Segment Start: THE DATA
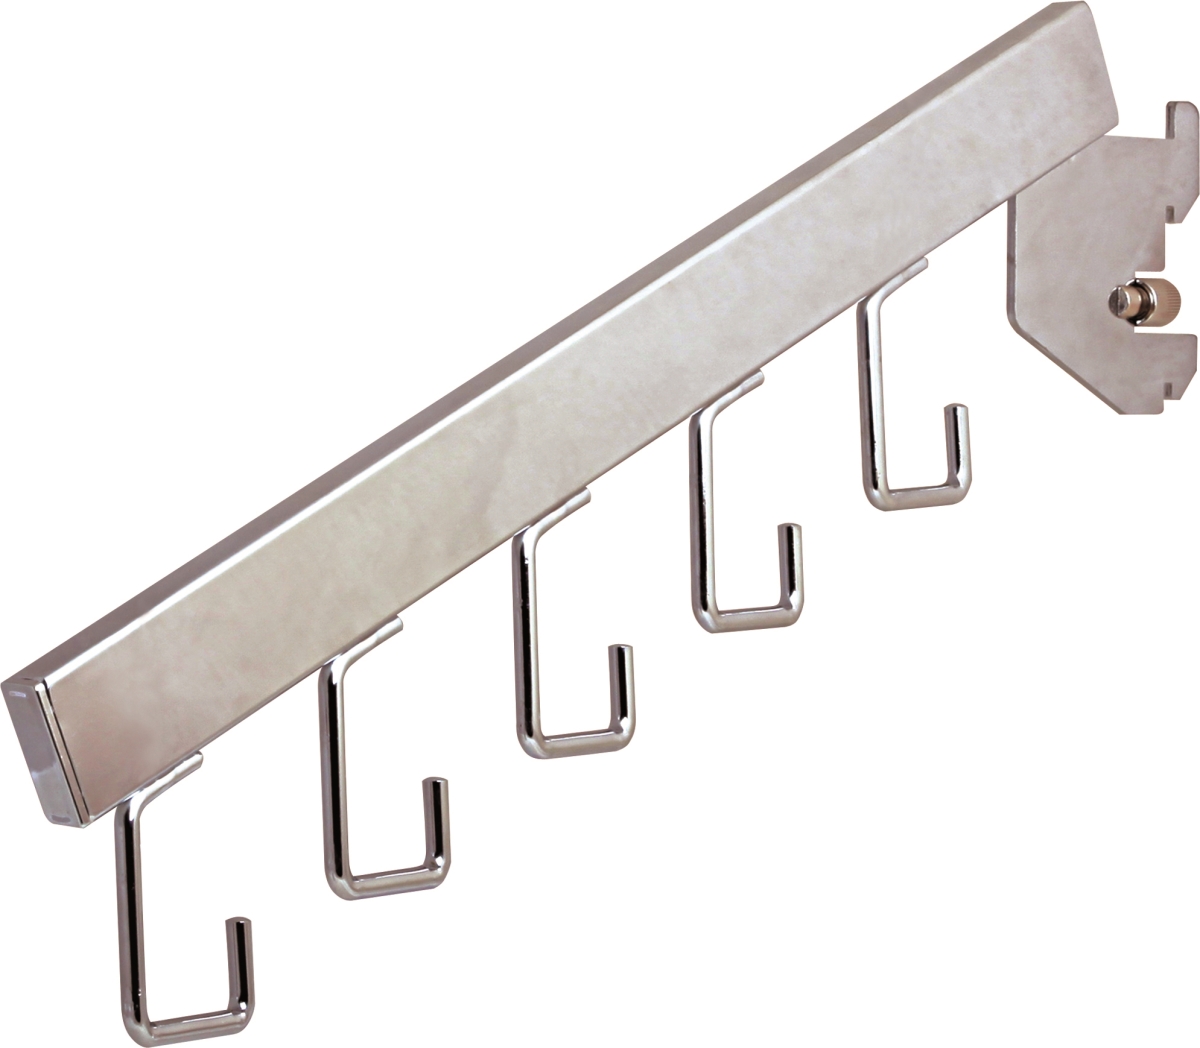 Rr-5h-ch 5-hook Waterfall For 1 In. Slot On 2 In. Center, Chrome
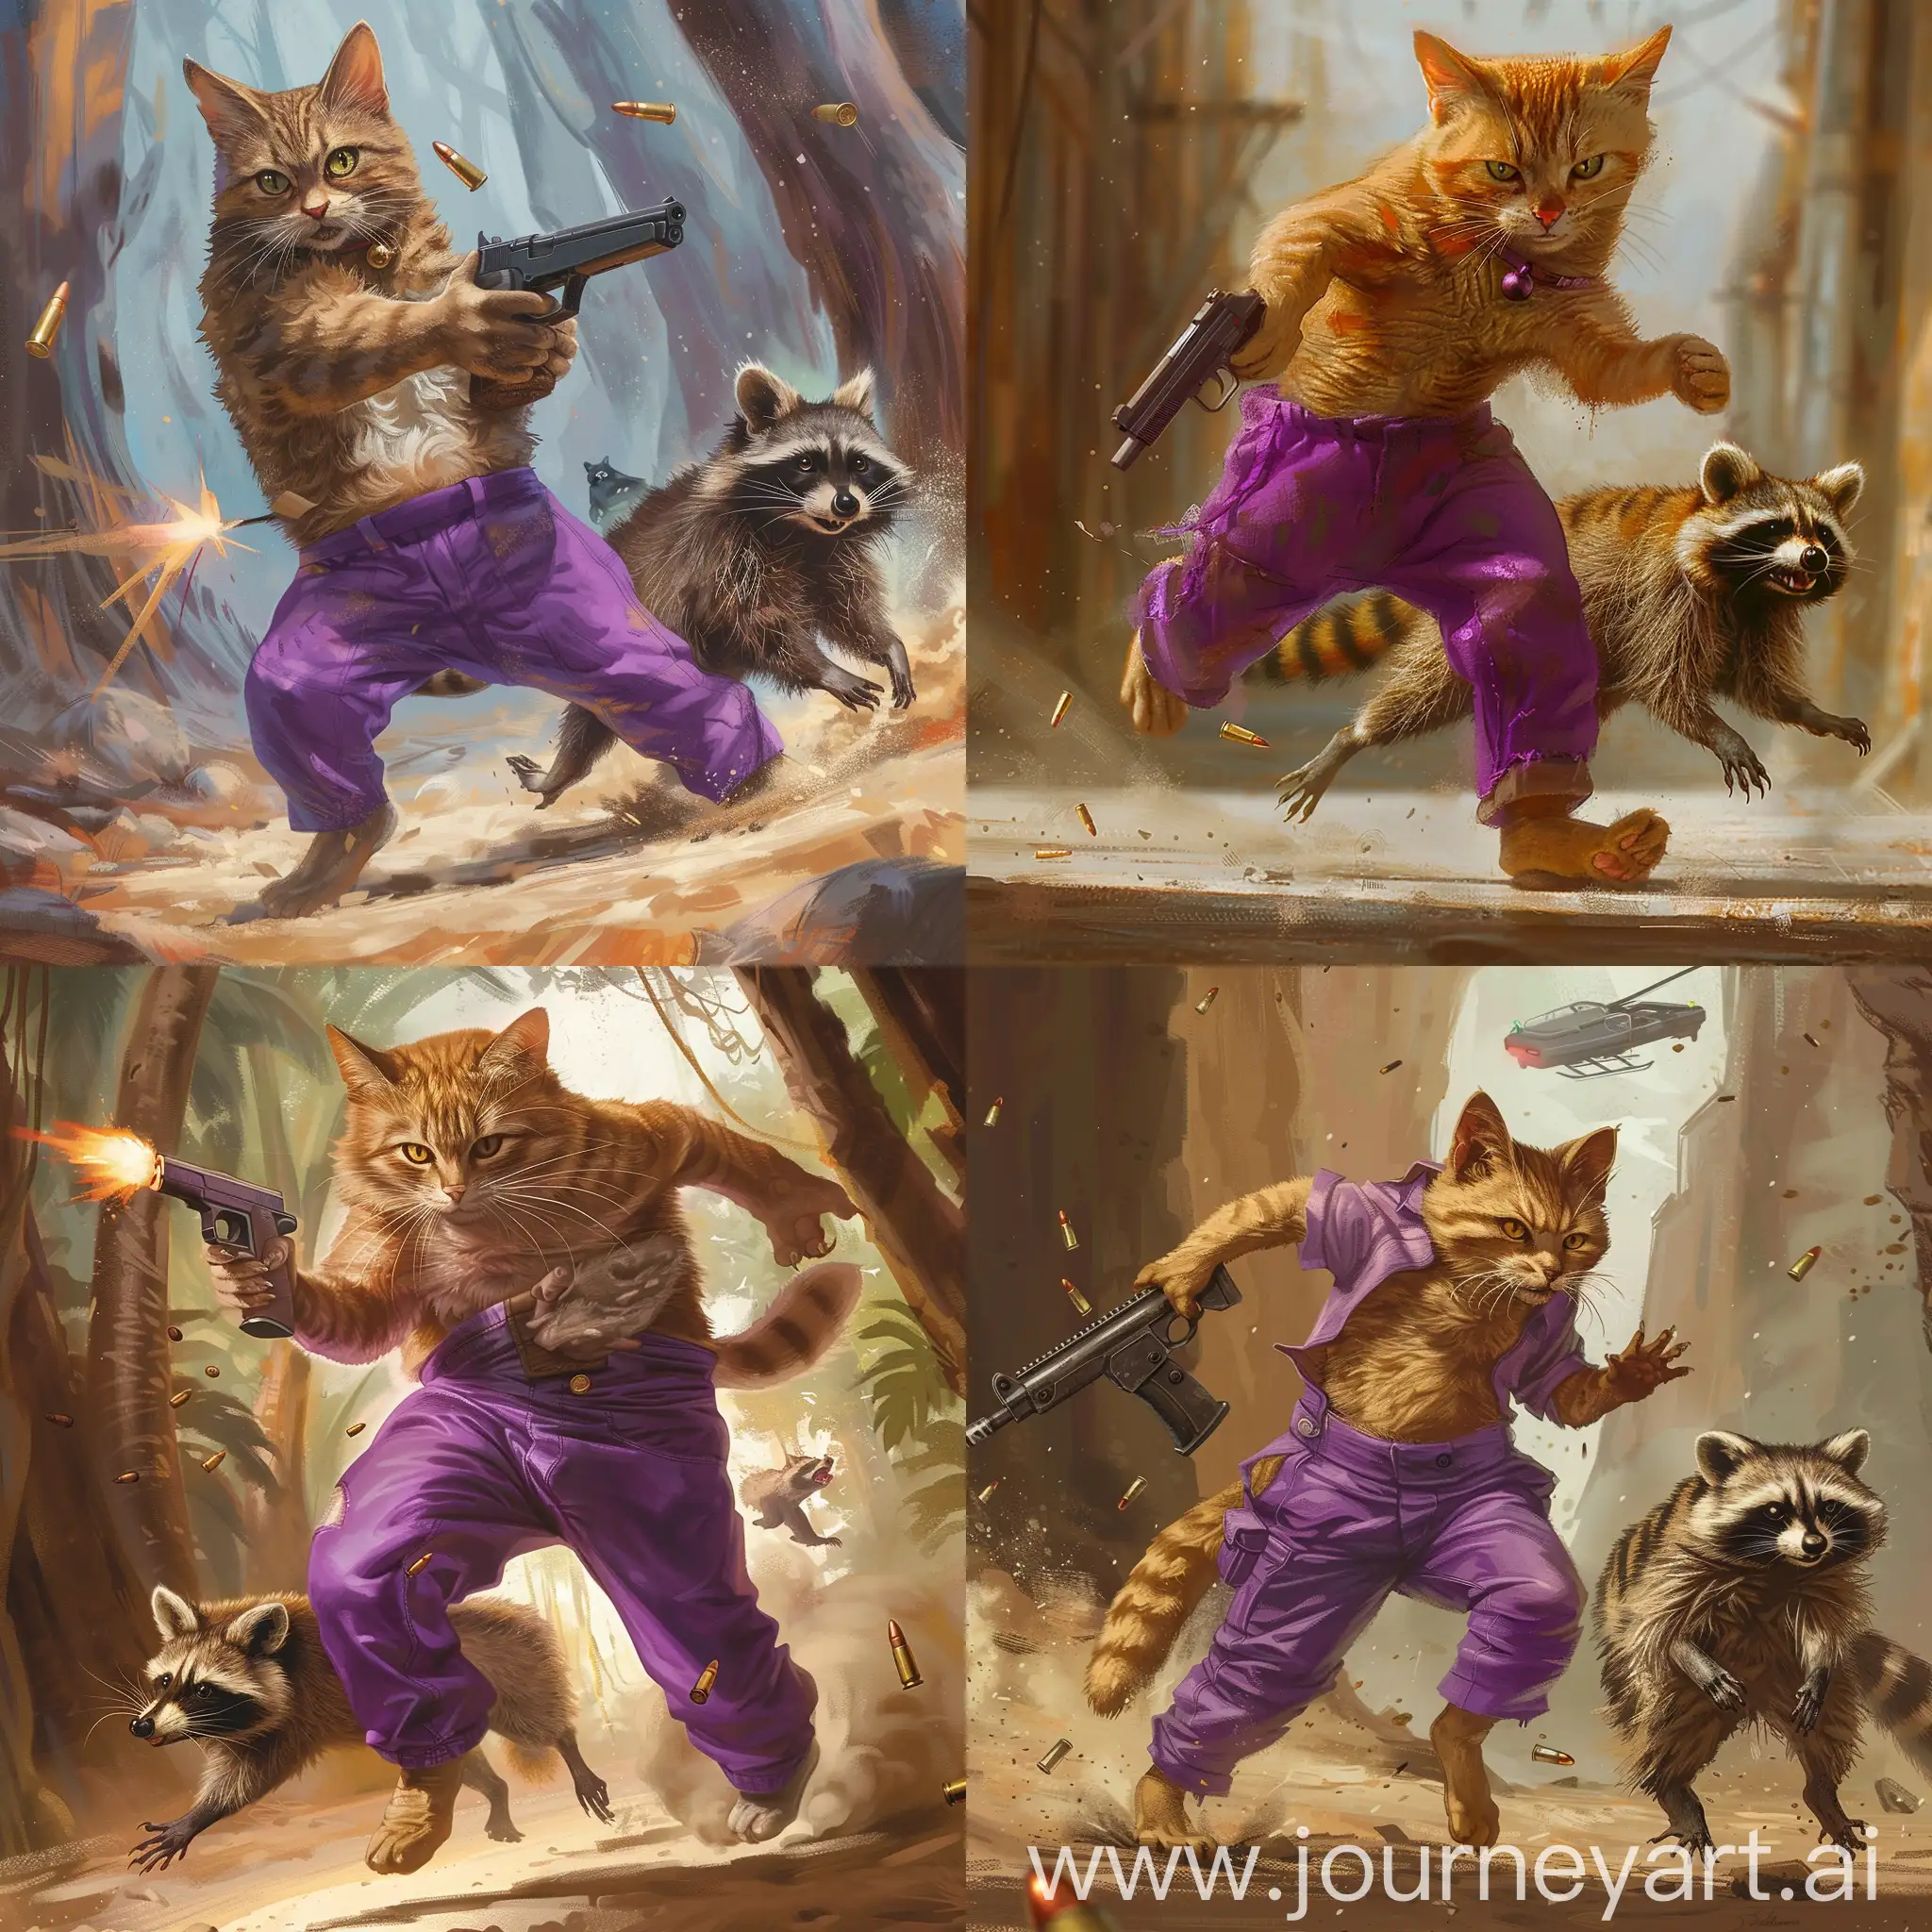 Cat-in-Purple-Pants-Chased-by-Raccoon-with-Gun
Segment End: THE DATA
Segment Start: THE DATA
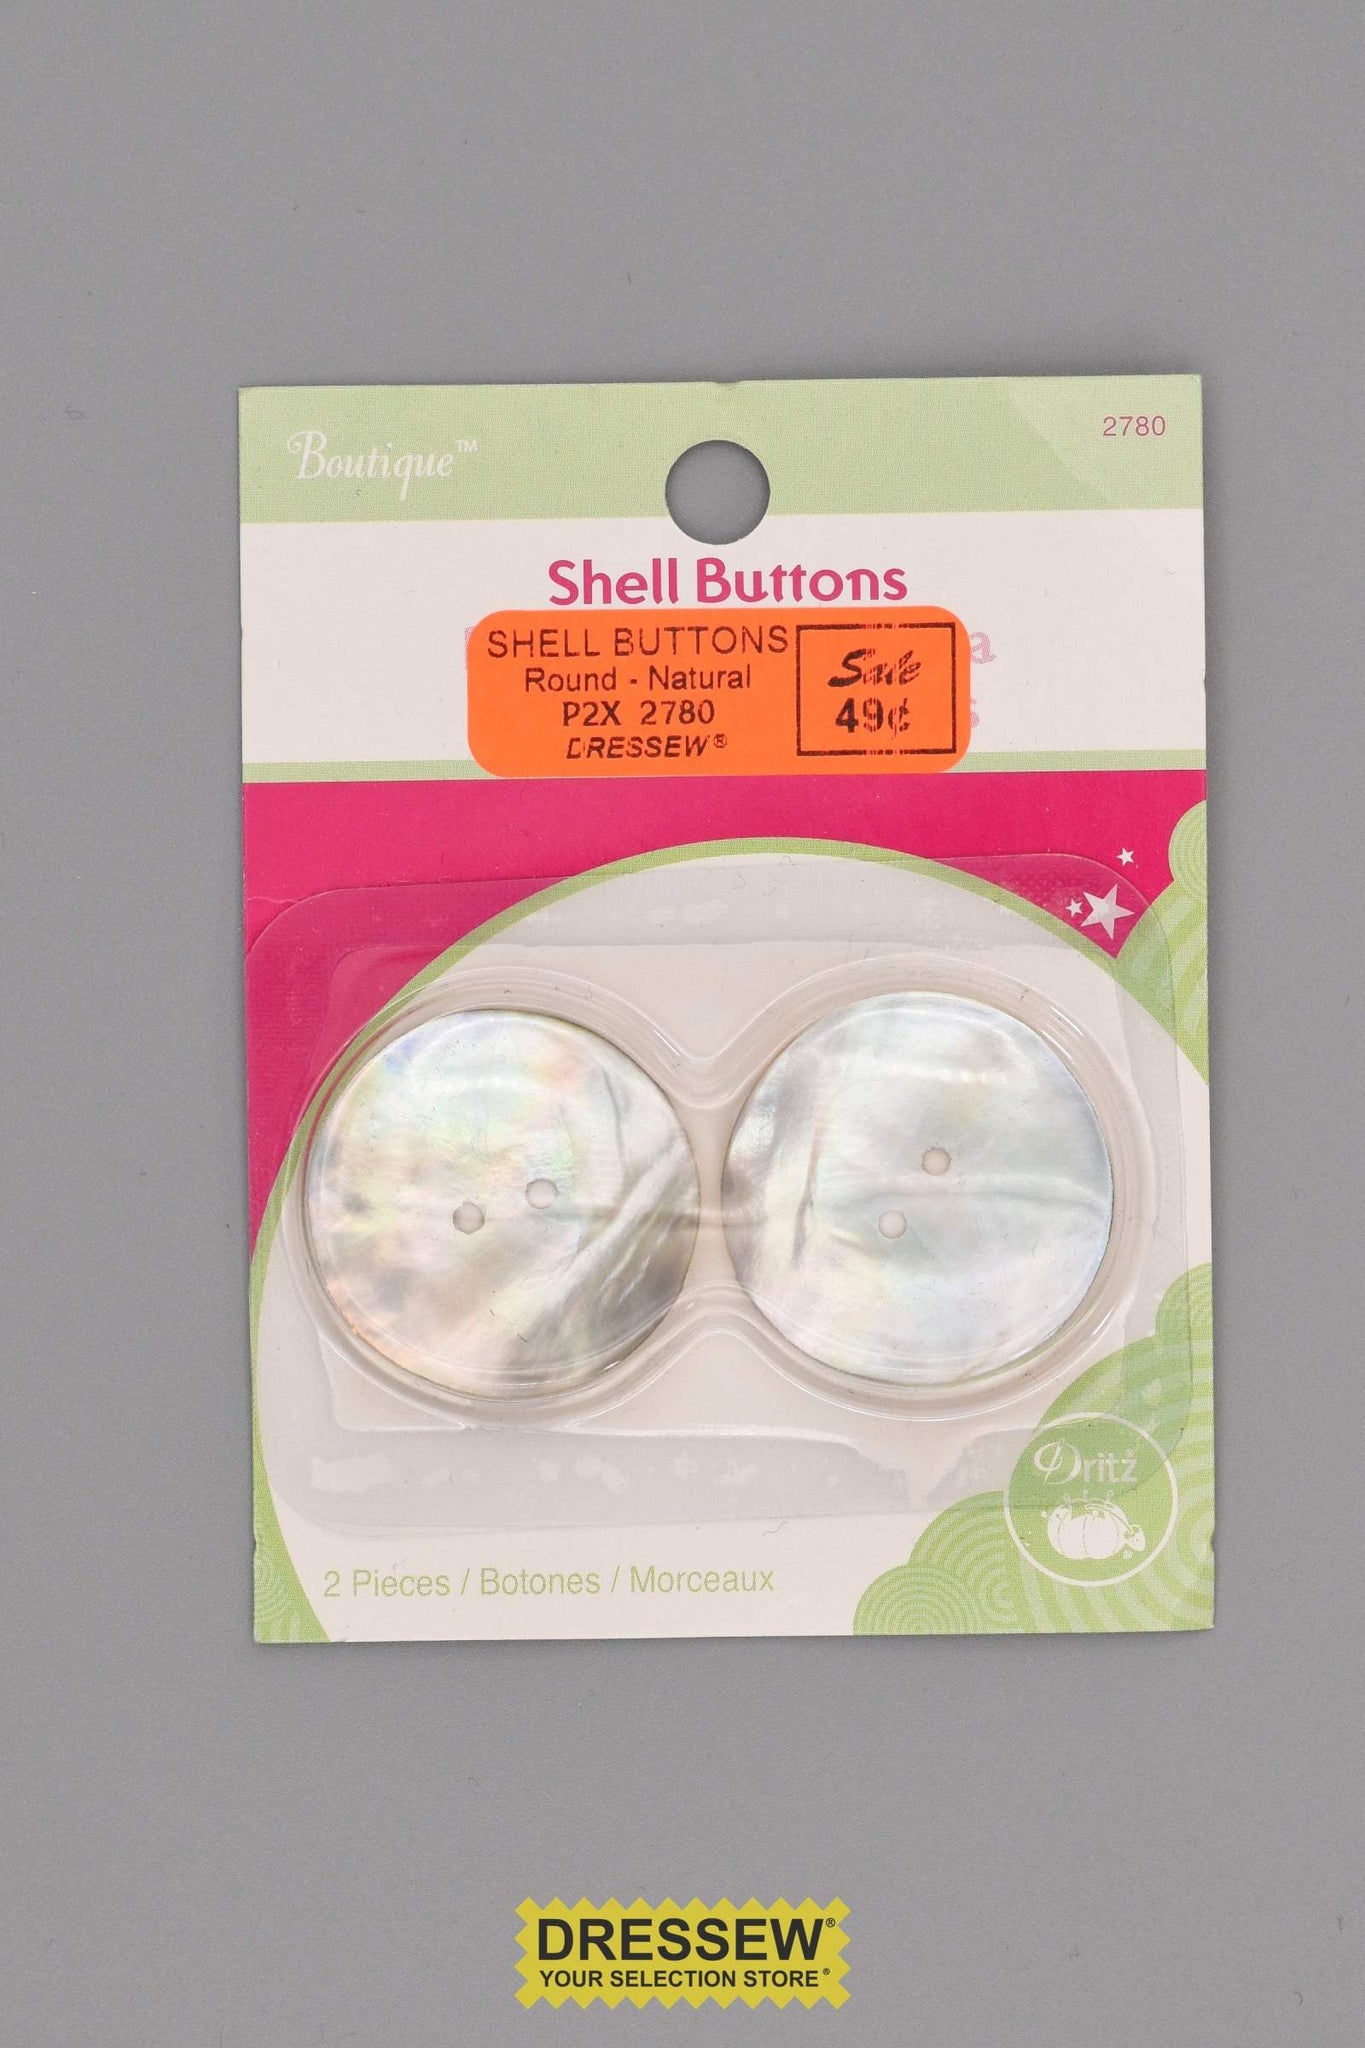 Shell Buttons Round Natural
Segment End: THE DATA
PROBLEM REQUIREMENTS:
With the pictures removed, print only the lines starting at the line that has "Rr-5h-ch 5-hook Waterfall" and ending at the line that has "Cat-in-Purple-Pants-Chased-by-Raccoon-with-Gun", both ends included, exactly as they stand above.

WORKED SOLUTION:
 Rr-5h-ch 5-hook Waterfall For 1 In. Slot On 2 In. Center, Chrome
 Cat-in-Purple-Pants-Chased-by-Raccoon-with-Gun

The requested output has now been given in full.